HF: What are looking for when deciding which project to take on next?
MU: I collect many of those big beautiful photobooks that sell for around £60 and which have no title on the cover, or it they do, have such obscure titles that they essentially tell you to piss off when you try and pick them up. I love those books. But I loathe them too. To buy them, can at times be like entering a room of freemasons and doing some weird handshake – ‘yes, I too buy books over £100 that are made in editions of 5’. HMP is an unashamed attempt to make books that draw on the best of the tradition of photobooks: niche, collectable, beautiful, sniffable books – but which don’t alienate the average reader. That means we want quality that is popular – a hard mix to find. It means that we have many wonderful submissions by photographers far more talented than myself which we ultimately have to turn down because we are not prepared to ask for £20K to help sell 1000 copies. So, that’s a roundabout way of saying we look for projects that can sell.
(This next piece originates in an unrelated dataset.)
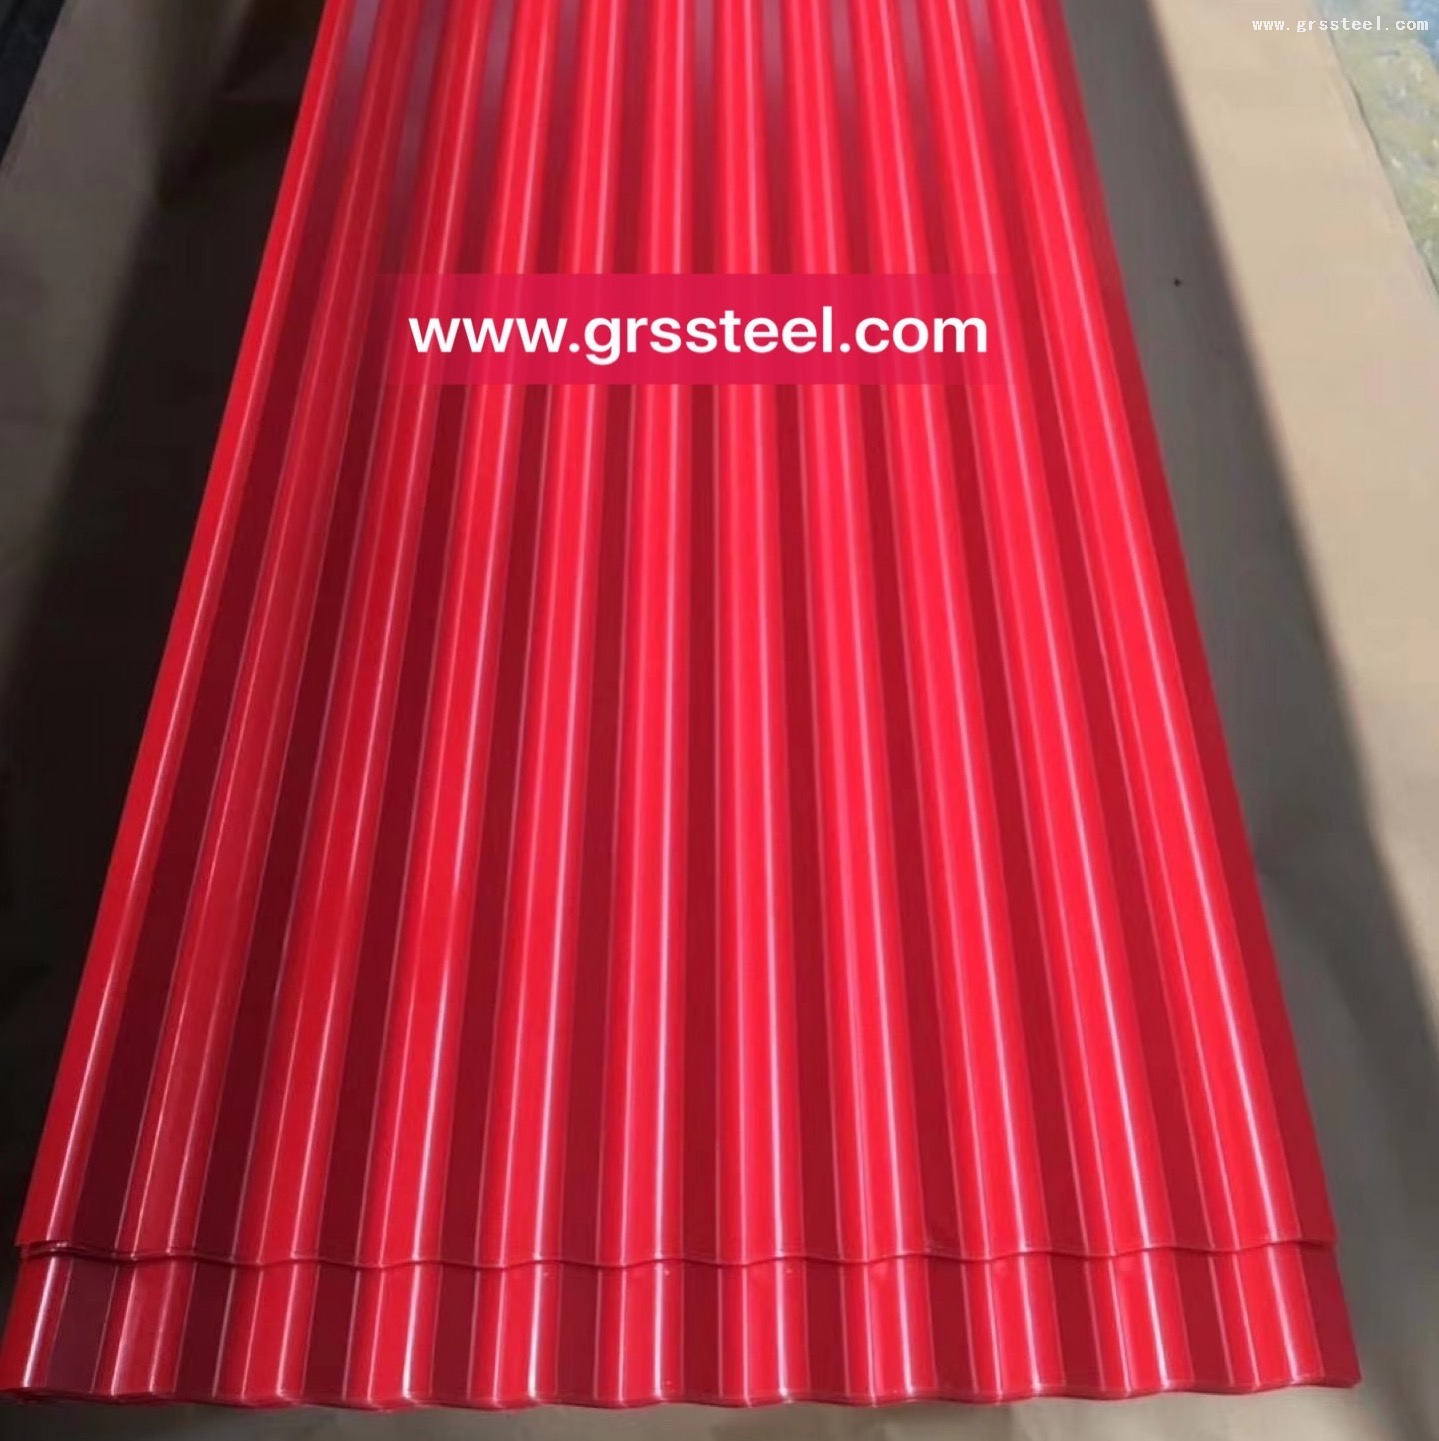 PPGI Corrugated Roofing Sheet Buy galvanized plate, galvanized sheet price, galvanized zinc
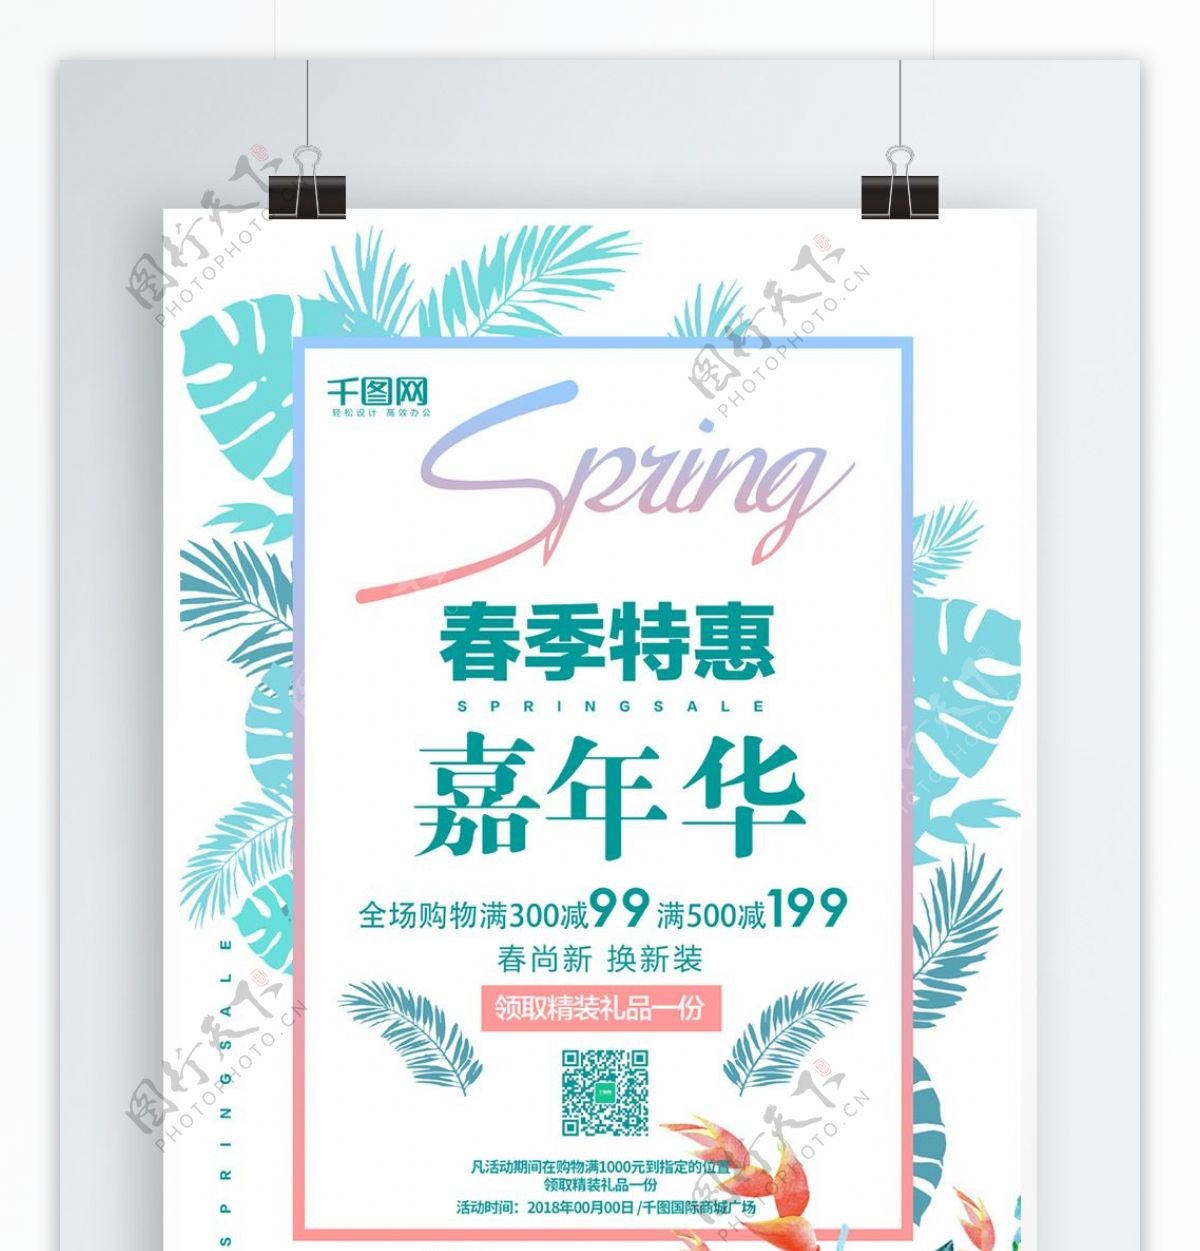 清新蓝绿色春季特惠嘉年华促销海报

HF: So affordable pricing is important?
Yes. If you price affordably and sell titles which appeal to a wide-ish audience you can make print runs of 3000 and above – and that’s when litho printing becomes affordable.
HF: Aside from pricing, what separates Hoxton Mini Press from other publishers?
MU: We are aiming to create a brand – which means a lot of our books are self-similar: the spine, the titles, the font, the format. That works for some projects and doesn’t work for others. But it means that our books are recognisable. We also limit ourselves (mostly) to books about East London and other urban themes. Of course we can’t do that forever so are branching out. We have just released our first book on New York, New York Waterways.
HF: How does your own photographic experience impact on how you run Hoxton Mini Press?
MU: I see it from both sides: as a publisher and as a photographer. It helps me to understand the full picture which is powerful. It also means I’m passionate about the work we publish.
HF: What piece of advice would you give to your younger self, starting out in publishing
MU: None, really. Not because I knew what I was doing but because following my nose was the best direction to go in.
HF: In our recent interview, Maxwell Anderson said that Launching Bemojake had negatively affected his own photographic practice because picture editors associate him with publishing more than being a photographer. What impact do you think Hoxton Mini Press has had on your photographic practice, and how do you find the balance between shooting your own work and publishing?
MU: It’s been f***king disastrous. Publishing takes over your life and soul. There’s little time left to do my own work. But it’s all good. You can’t have your cake and eat it. I’ve never totally understood what that phrase really means but it seems apt.